The gloomy prediction was based on an announcement by Solutia Inc., the chemicals business spun off by Monsanto in 1997, that it can't pay the cleanup costs and other claims arising from the dumping of toxic waste near Anniston, Ala. It's alleged that over a period of 40 years, until 1971, Monsanto discharged thousands of pounds of polychlorinated biphenyls, industrial pollutants that have been linked to cancer, into Snow Creek.

Solutia was found liable in February of 2002. If Solutia cannot pay the damages awarded, liability will roll over to Monsanto, the St. Louis Post-Dispatch reported last week.

Banc of America lowered the company’s rating from “buy” to “neutral.”  Other securities analysts piled on with their own downgrades. The stock sagged, but didn't collapse. It's now selling around $21, down 10 percent from its 52-week high in late July.

And Snow Creek may not be all. There's also a breach-of-contract suit from former acquisition target Delta & Pine Land Co., and in March the U.S. Department of Justice announced that it was investigating Monsanto to determine whether it used marketing techniques for its herbicides that violated U.S. antitrust law.

Public uncertainty about the safety of genetically modified crops adds yet another challenge, some researchers have said, though so far that affects only the company's foreign business.

But beyond these headaches lies a blossoming corporate focus on the “seeds and traits” wing of the business. Monsanto’s seed business consists primarily of corn, under the DeKalb brand, Asgrow brand soybeans, and cotton, as well as designing genetically engineered seeds with a variety of traits, including ubiquitous Roundup Ready crops which are resistant to the company’s herbicide.

The company's major step in this direction was its acquisition of DeKalb Genetics Corp., formerly DeKalb AgResearch, in DeKalb, for both development and distribution of seeds. Monsanto's agricultural products became the majority of its business in 1999.
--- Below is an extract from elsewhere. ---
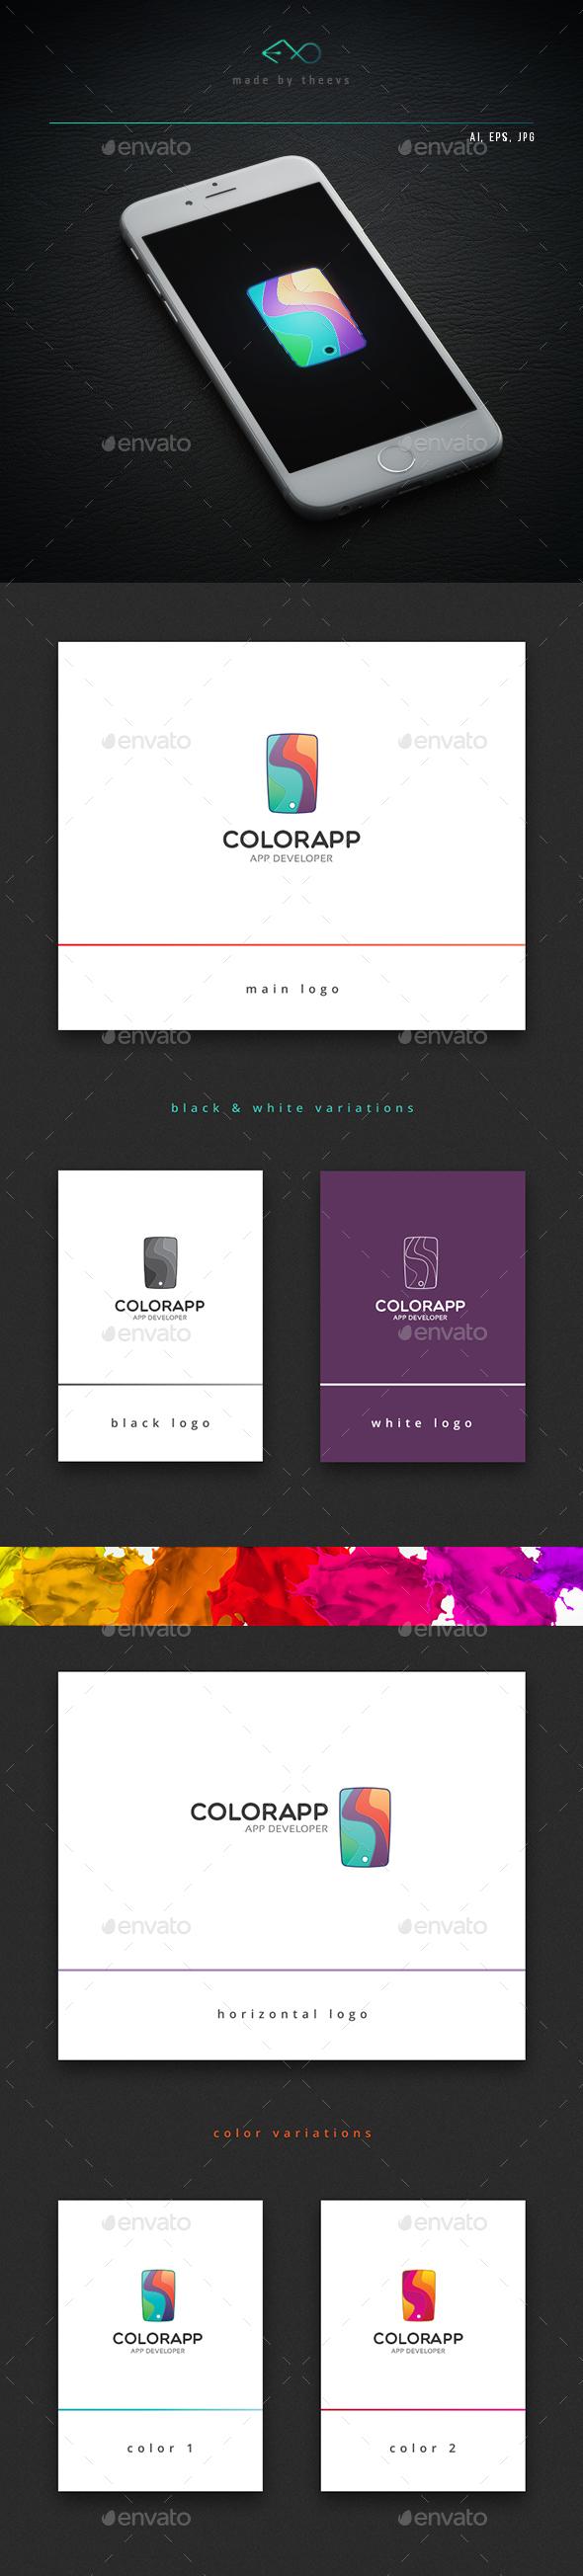 Colorapp - Vector Abstract

The next year Monsanto merged with drug maker Pharmacia & UpJohn Inc., which took control of Monsanto's G.D. Searle pharmaceutical business, and the current Monsanto Co. was incorporated as a Pharmacia subsidiary in October 2000.

The new Monsanto went public through an initial public offering in October of 2000, although Pharmacia retained control until it executed a spinoff to shareholders in August 2002.

Since then, the independent Monsanto's prospects, and its stock, have moved slowly upward,as Monsanto has broken away from its former dependence on herbicide sales, and begun to develop the potential of its seed and genomics business.